Protection functions are also Kennfelder
A common misconception: the protection functions of the engine — knock retard, exhaust gas temperature limiter, torque cut on overheat — are not separate "modules" sitting next to the maps. They are themselves implemented as maps. Knock retard, for example, is a table that defines, depending on RPM and load, by how many degrees ignition is pulled back when a knock event is detected. The EGT protection curve is a table that, above a certain exhaust temperature, lowers the maximum allowed torque request — gently at first, hard at critical values.

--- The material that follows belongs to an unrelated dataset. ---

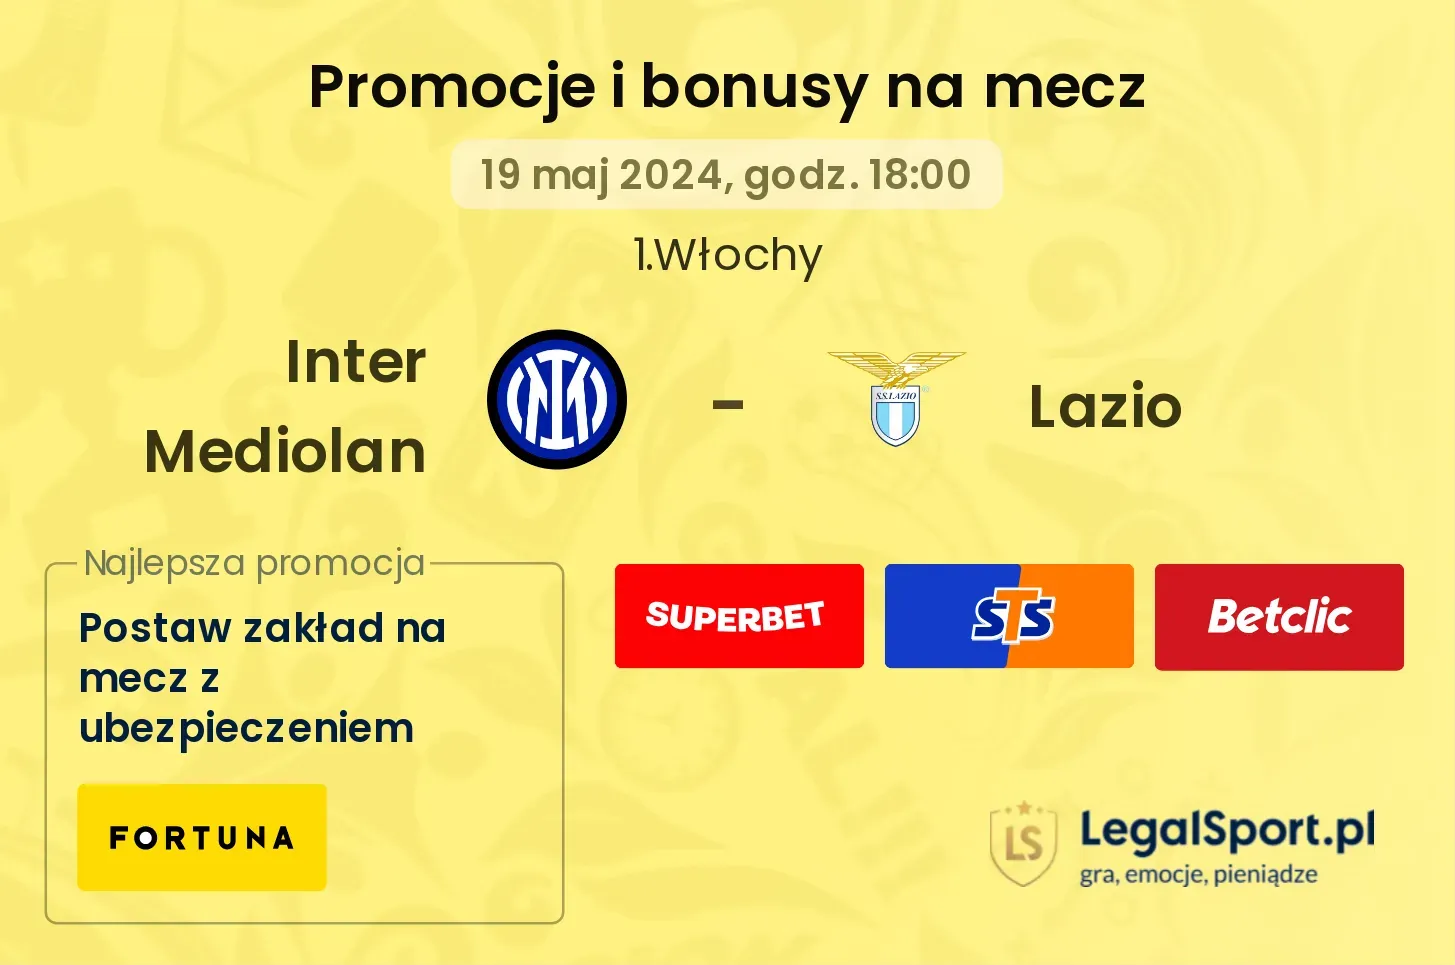 Inter Mediolan - Lazio bonusy i promocje (19.05, 18:00)

This is the central insight: a tune does not work against the protection functions, it works on the same tables as the protection functions. A serious Stage 1 calibration adjusts the target values for more output but leaves knock retard, EGT limit and torque limits active and within sensible bounds — and adapts them to the new load points so the engine stays cleanly protected under the higher load.
Why a tuning box only "touches" 2-3 maps
A tuning box is conceptually a different beast. It is not written into the Steuergerät; it is wired between one or two sensors — typically the rail pressure sensor or the boost pressure sensor — and the Steuergerät. It alters the sensor signal before it reaches the Steuergerät: a 4.2-bar rail pressure is reported as 3.8 bar, for instance, prompting the Steuergerät to inject more fuel to reach the target pressure.

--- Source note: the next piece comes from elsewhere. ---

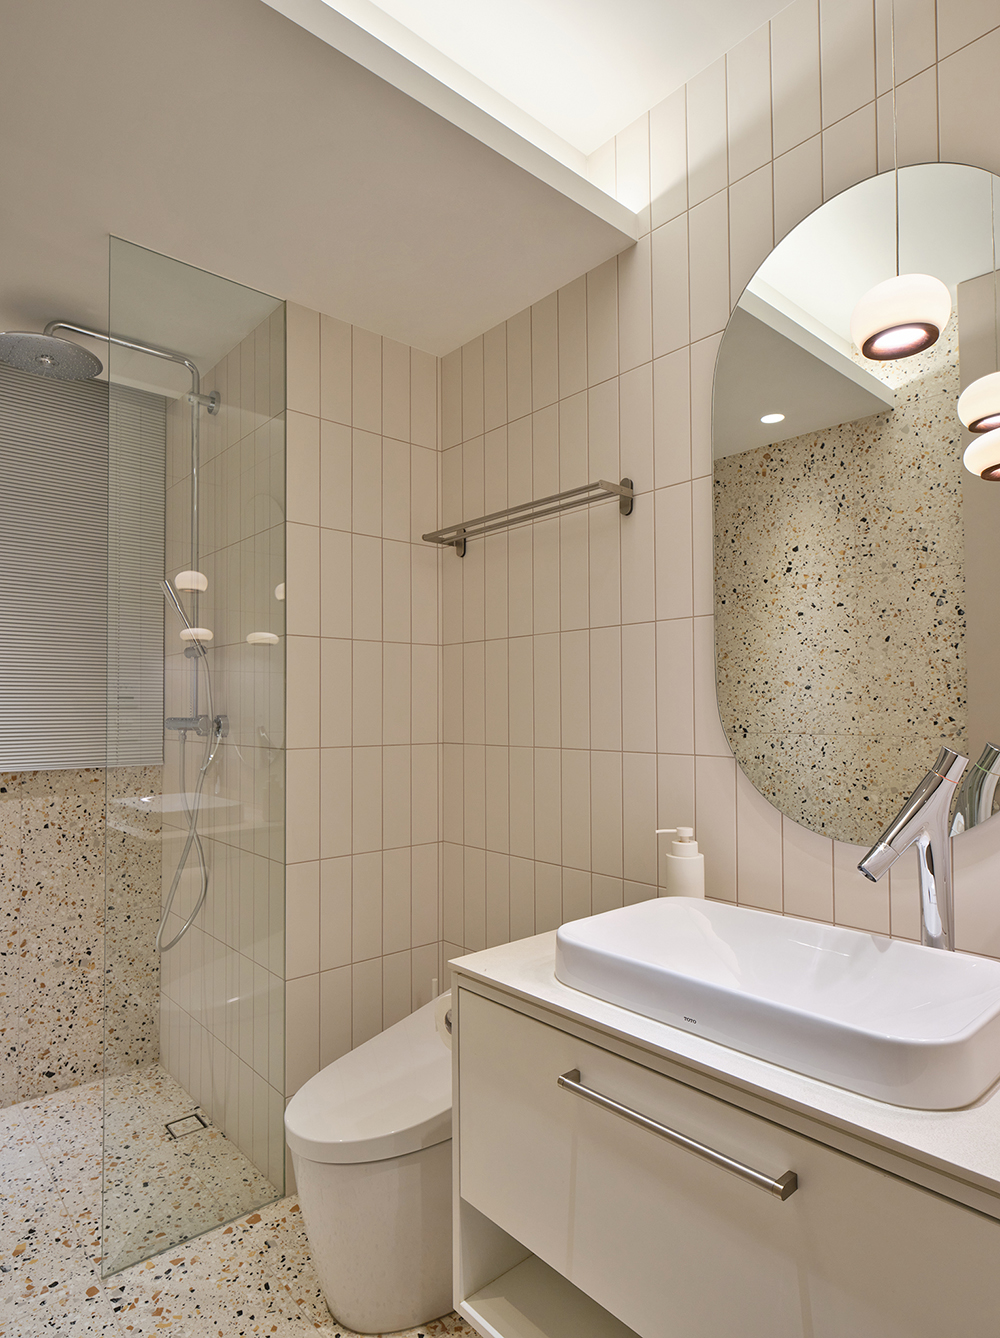 Phòng tắm và nhà vệ sinh cho khách sử dụng tone màu trắng - be chủ đạo, phân vùng bằng vách ngăn kính trong suốt cùng gạch ốp lát họa tiết terrazzo sinh động.

The intervention therefore acts indirectly on the few maps the Steuergerät uses for that pressure regulation — not on the 80+ tables a full calibration edit reaches. The other maps — ignition, lambda, torque request, EGT protection, overrun cut — keep running on factory values. Two consequences follow. First: the extra energy entering the combustion chamber is not optimally burned by an adjusted spark angle, so efficiency and torque curve fall short of a proper calibration. Second: the protection functions keep computing on falsified sensor values, which on aggressive boxes can undermine the EGT and knock logic — in the worst possible way.
Conclusion
A modern Steuergerät is a data structure of more than 80 Kennfelder for combustion alone, plus another similar count for ancillary functions. Every single table is a deliberate manufacturer decision — about efficiency, protection, comfort, model segmentation. Map-based tuning means understanding these tables, shifting them in the right places, and carrying the protection logic along instead of bypassing it. Done this way, you can pull more output out of the engine with discipline, without dissolving the safety margins. Manipulating one sensor signal pretends the Steuergerät only had three tables — and ignores the other 80 still running in the background.